# [EXERCISE REQUIREMENTS]
Please write out the listing exactly, leaving each picture out.

-------- DATASET EXTRACT

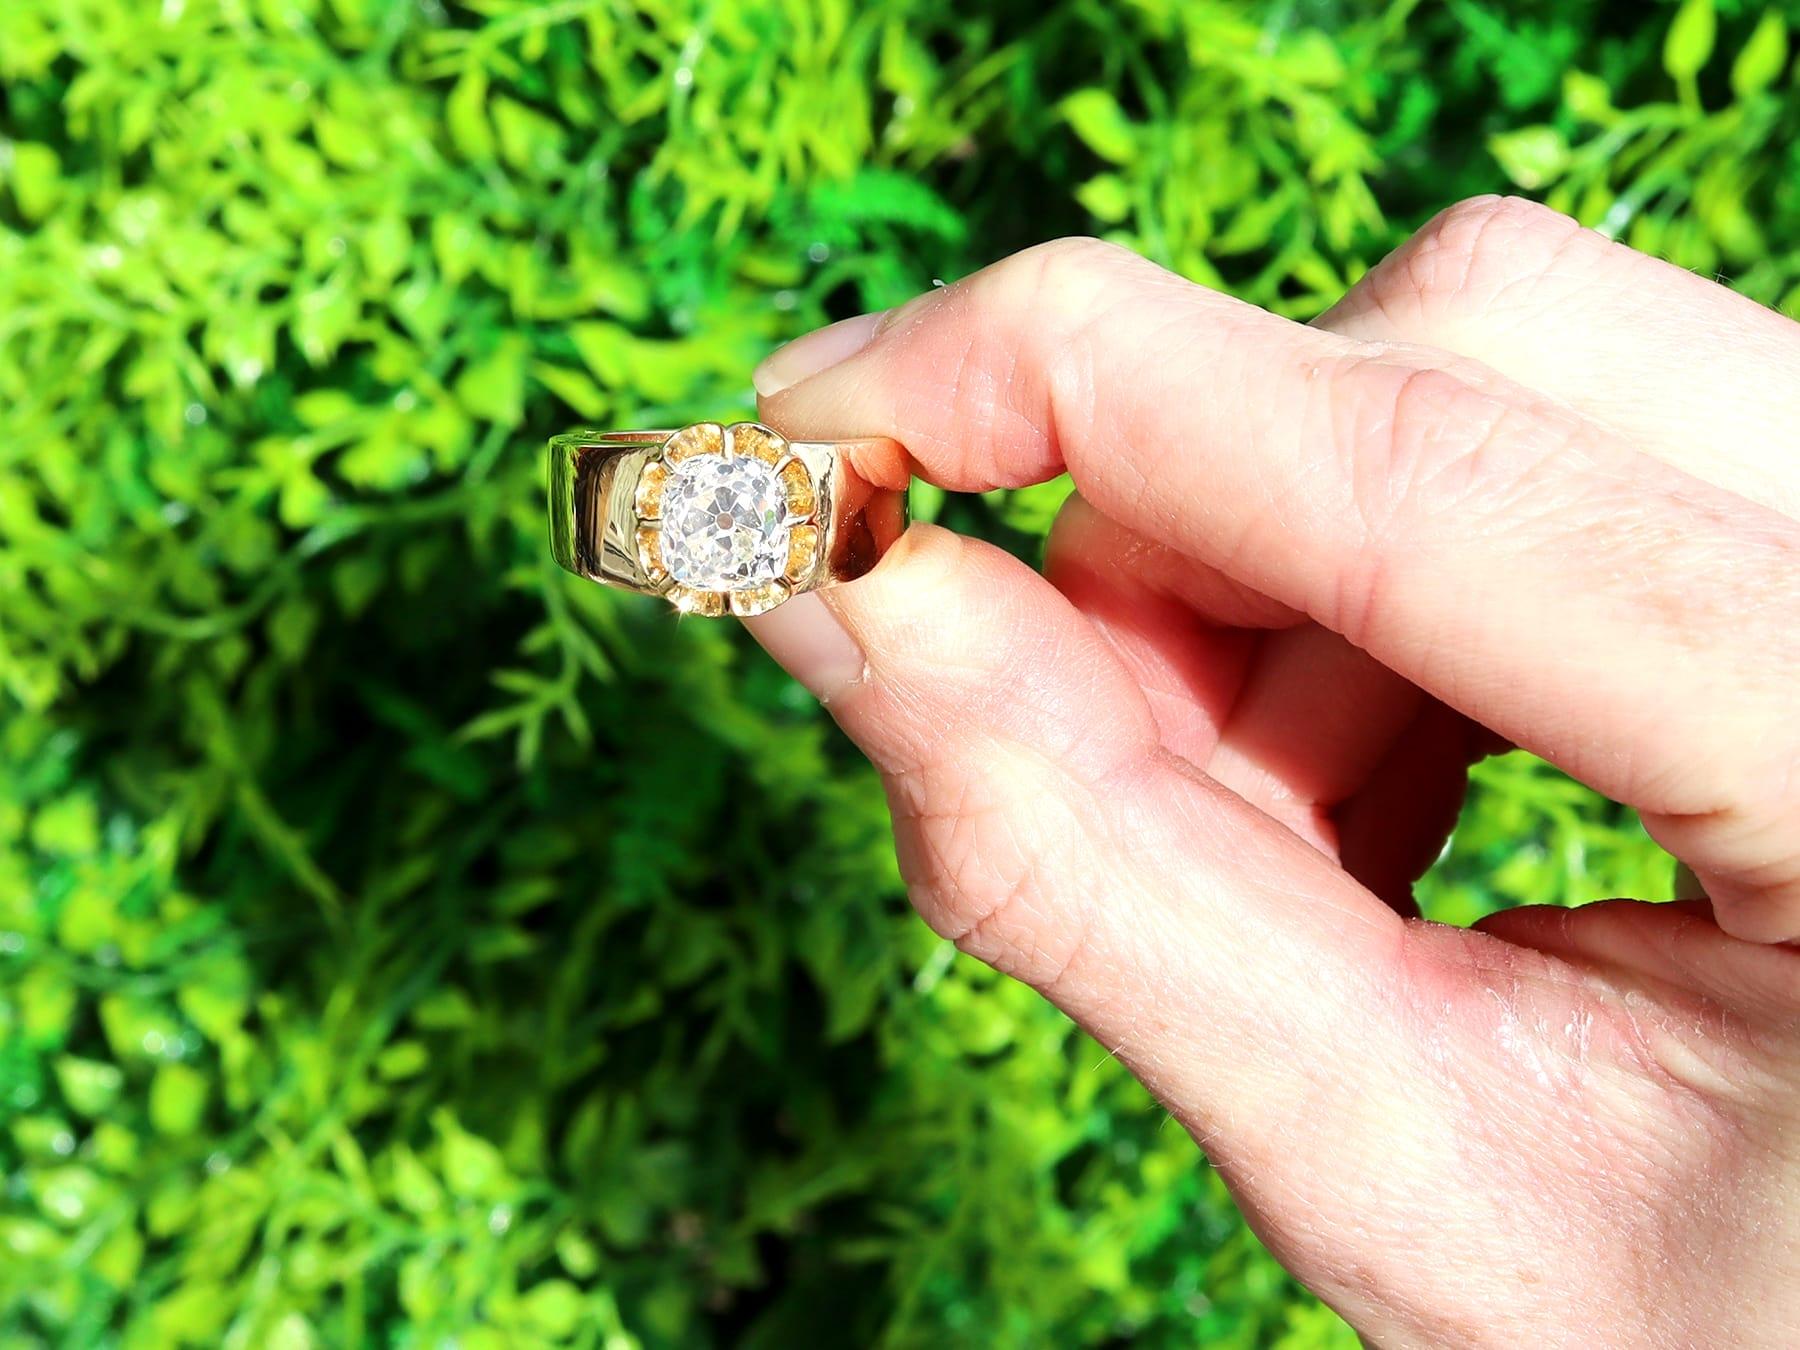 A stunning, fine, and impressive 2.38 carat diamond and 18 karat yellow gold antique unisex solitaire ring; part of our diverse collection of antique jewelry and estate jewelry.

This stunning unisex gold solitaire ring has been crafted in 18k
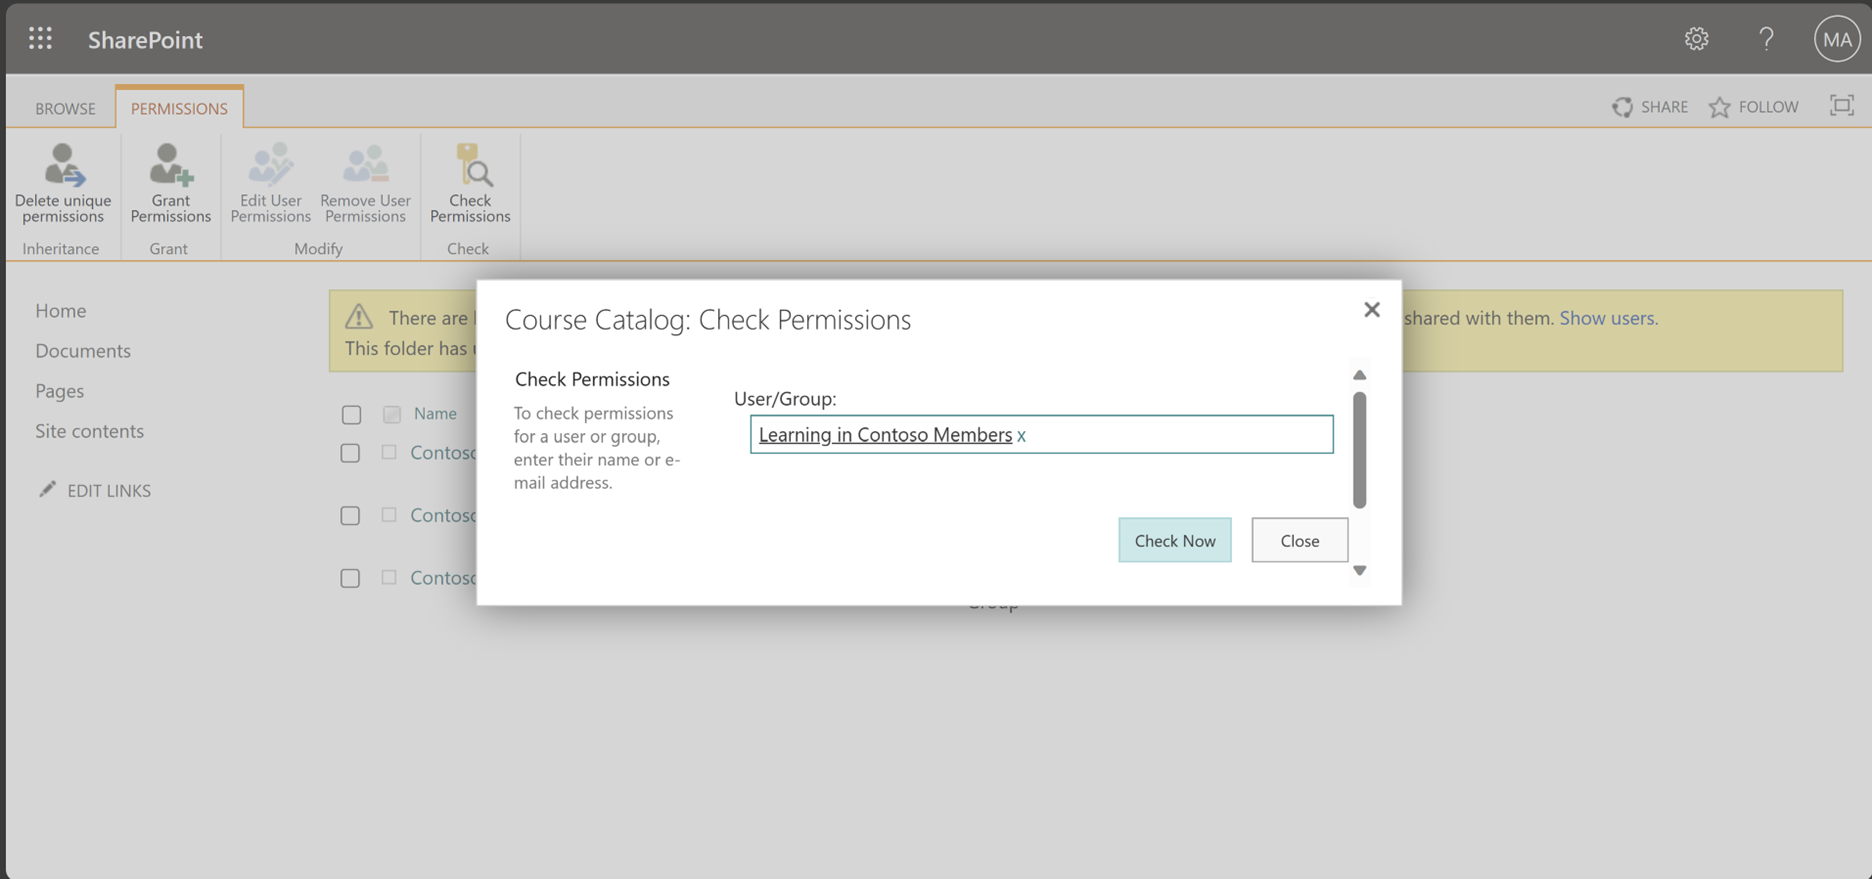 Screenshot of the course catalog check permissions window with the option to check the name of the group

----------------

# [EXERCISE ANSWER]
 A stunning, fine, and impressive 2.38 carat diamond and 18 karat yellow gold antique unisex solitaire ring; part of our diverse collection of antique jewelry and estate jewelry.

This stunning unisex gold solitaire ring has been crafted in 18k
 Screenshot of the course catalog check permissions window with the option to check the name of the group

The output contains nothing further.